Let’s Redefine Failure

Where to start?  I think, at least in my experience, we have a horrible view of failure, a negative view of failure.  We are worried to try something for fear of getting it “wrong” the first time.  We study, we observe, we try to be sure we are going to get it right before we even attempt something.  From riding a bike to being a doctor to going on an adventure to starting a business and, most importantly, to chasing our dreams.

I was watching a movie the other day–a Christmas movie–and paused the movie to talk to my youngest son about failure.  I started to talk about failure, but stopped myself and asked him how he felt about failing.  I actually couldn’t believe how that sounded.  How do you feel about failing?  What the hell?  He said he wasn’t too concerned about it and didn’t really want to talk anymore; could he get back to his school work?  I continued talking and really thinking through the problem, reiterating at every turn that it was okay to fail.

Finally, my epiphany came.  It’s all because of grades that we have this unhealthy perception that failing is bad, that it’s the opposite of success, the opposite of good.  So, because of our grading system, we are afraid to fail.  This has transferred into all aspects of life for many, many people.  Possibly–and I am just throwing this out there–for everyone except those who got F’s in school and survived.  Getting F’s in school doesn’t actually measure ones intelligence or chance for success in life.  It measures your ability to memorize, sit still, conform, test well, follow the rules of an establishment, conform (did I say that already?), regurgitate information and suck up to teachers.

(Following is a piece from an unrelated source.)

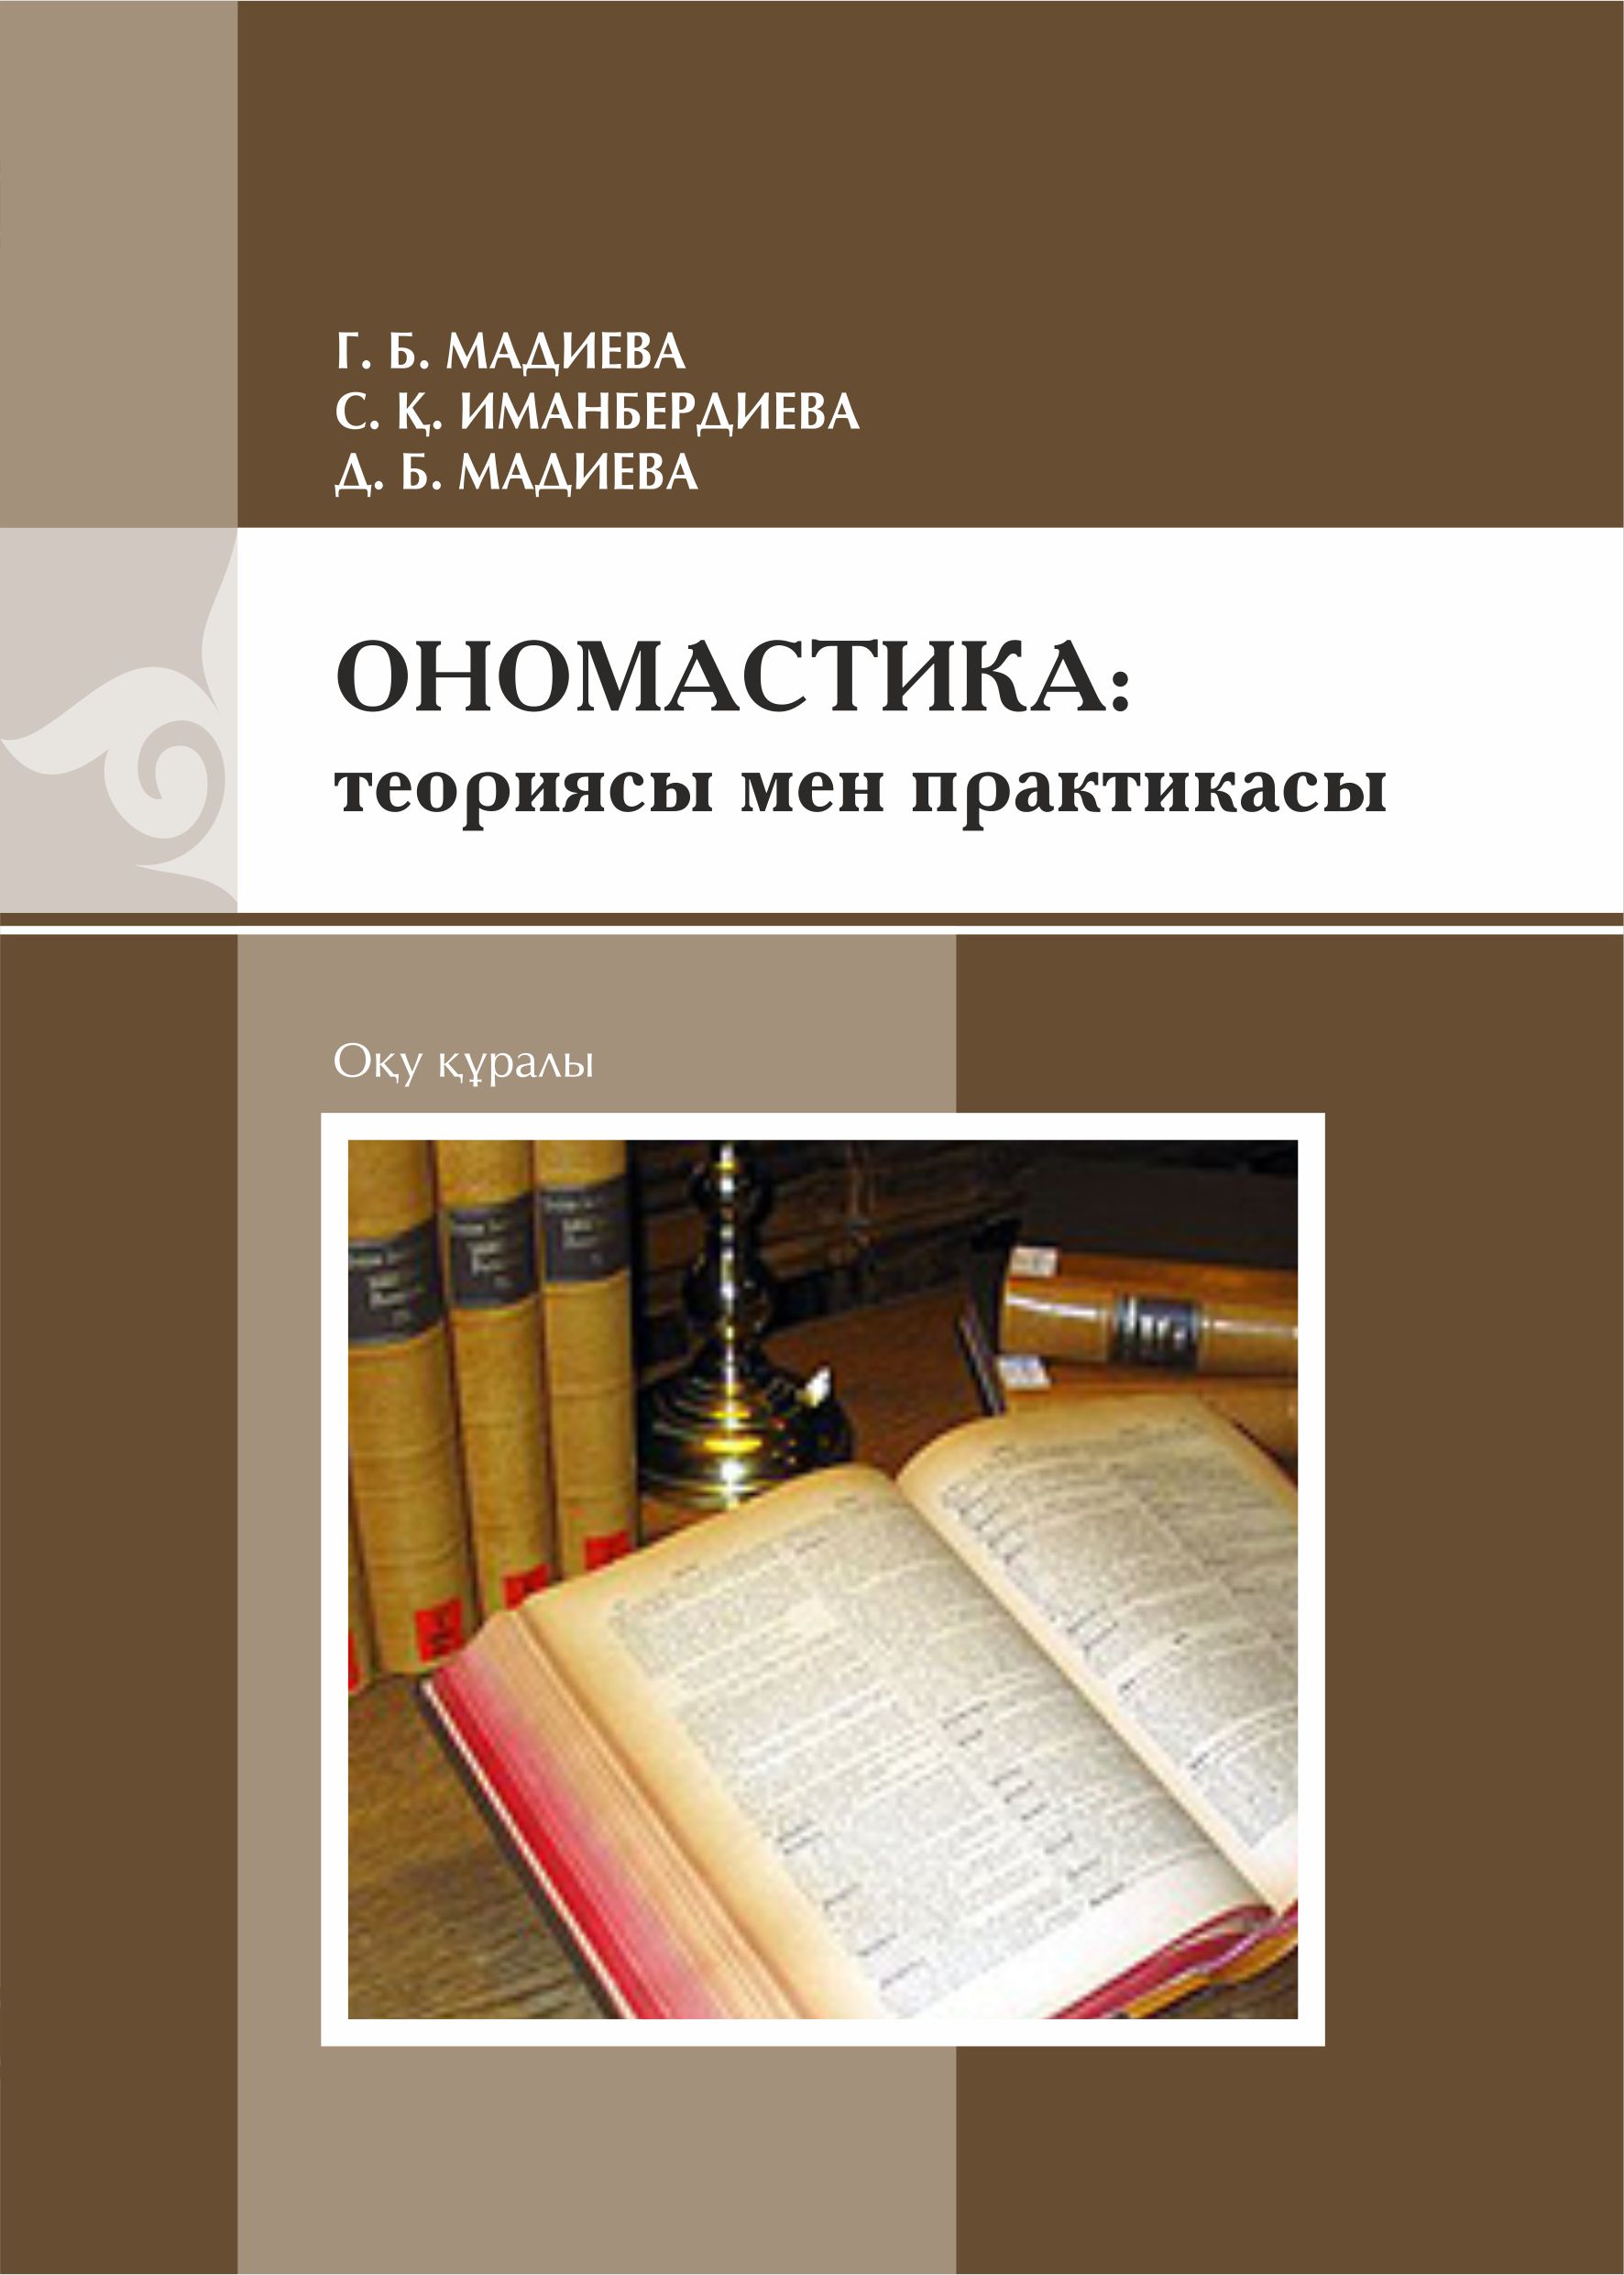 Ономaстикa: теориясы мен практикасы: оқу құралы – 192 б.

I get back to Christopher and detail my new-found knowledge with him; and I am angsty that this is a thing.  He’s supposed to be the angsty teen, by the way.  I tell him that I am happy he seems to not be negatively affected by this phenomenon.  He’s not devoid of concern about failing; it’s just more subtle.  He says to me that he was always a good student in elementary school and has been home schooled in middle school so he hasn’t had to deal with “failing” grades or that possibility.  For this, I am actually relieved. Next year, he goes to high school and we will definitely have a much different perspective on grades than we have in the past.  I have always told my kids we expect them to do their best, and I mostly still believe that, maybe with a few modifiers.

So, what are you not doing because you are afraid of failing?  Do you measure your life, successes, progress, etcetera on a grading system?  If so, who decides what constitutes an A or an F or a C?  How can we change our outlook on failure?  How can we raise our children to not be concerned only with grades, with getting A’s in a significantly subjective world?

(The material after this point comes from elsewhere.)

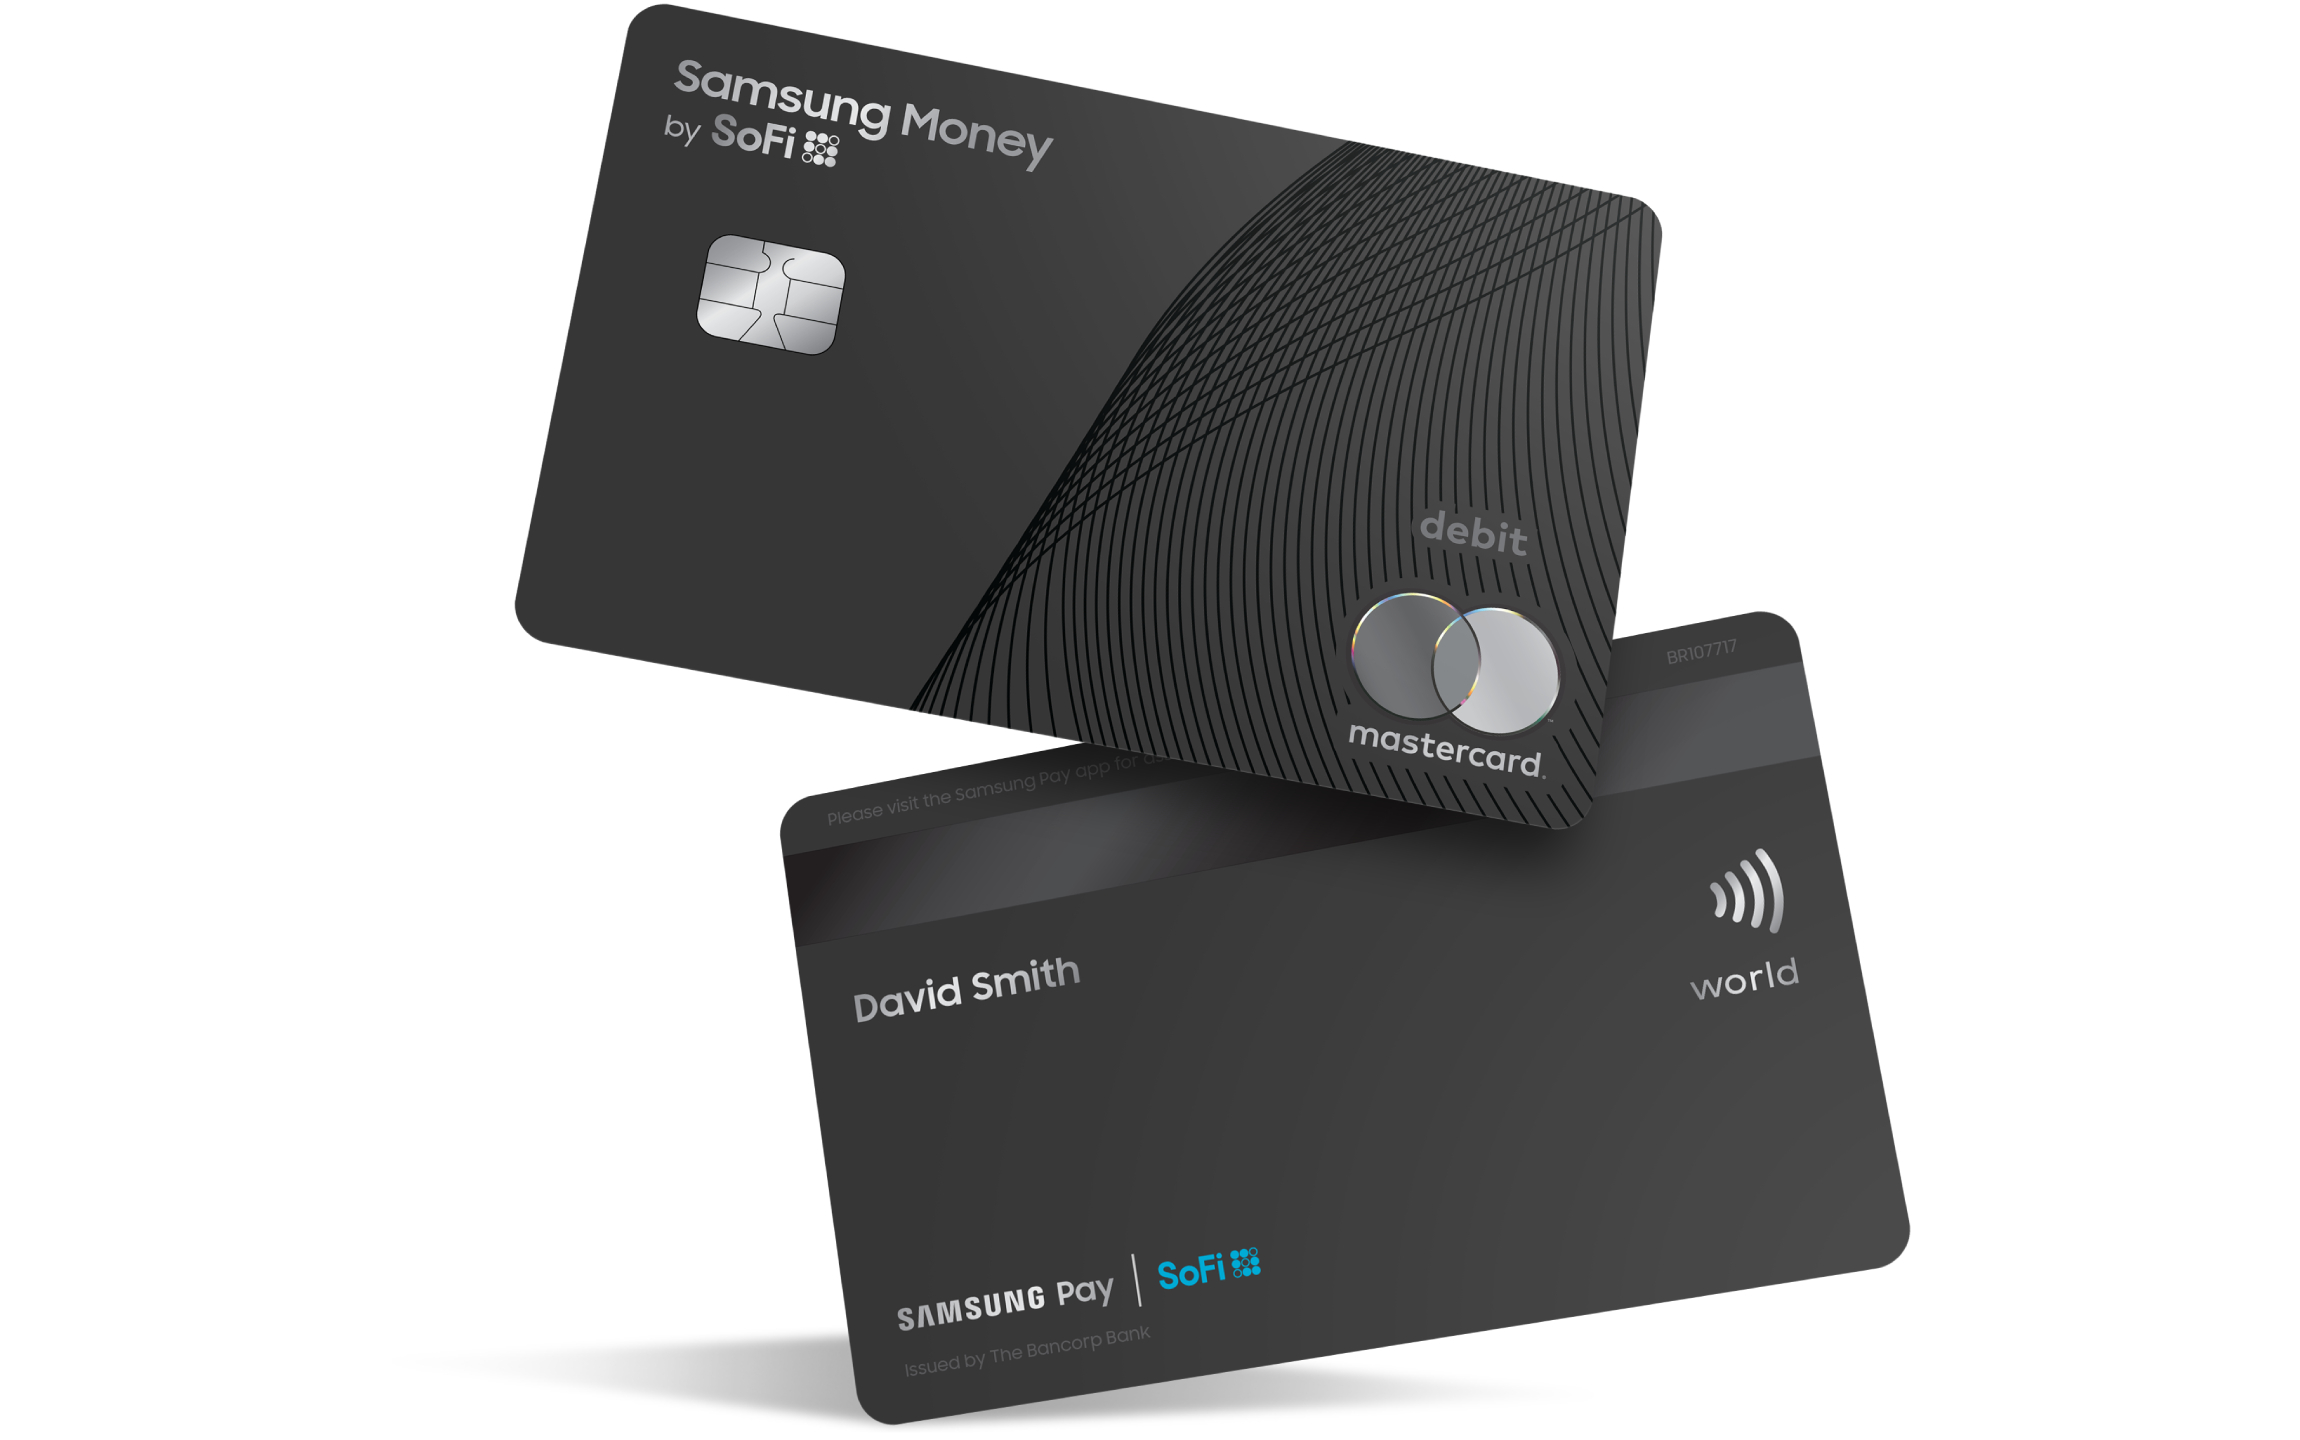 Samsung giới thiệu thẻ ghi nợ Samsung Money được liên kết với Samsung Pay

Maybe we take back the word: give it less weight, less value or importance.  Next time I forget something at the grocery store, maybe I will say well, you failed at that shopping trip!! Forgot your coat: fail.  Burnt the cookies: fail.  How about every year that you don’t do something you love, want to, dream of doing; you say I failed at not going back to school or to grad school, or I failed at not going on that tropical vacation, or I failed at not taking care of myself?

It’s not super easy to change your perspective, especially when it’s ingrained so deeply, but it is certainly worth a try.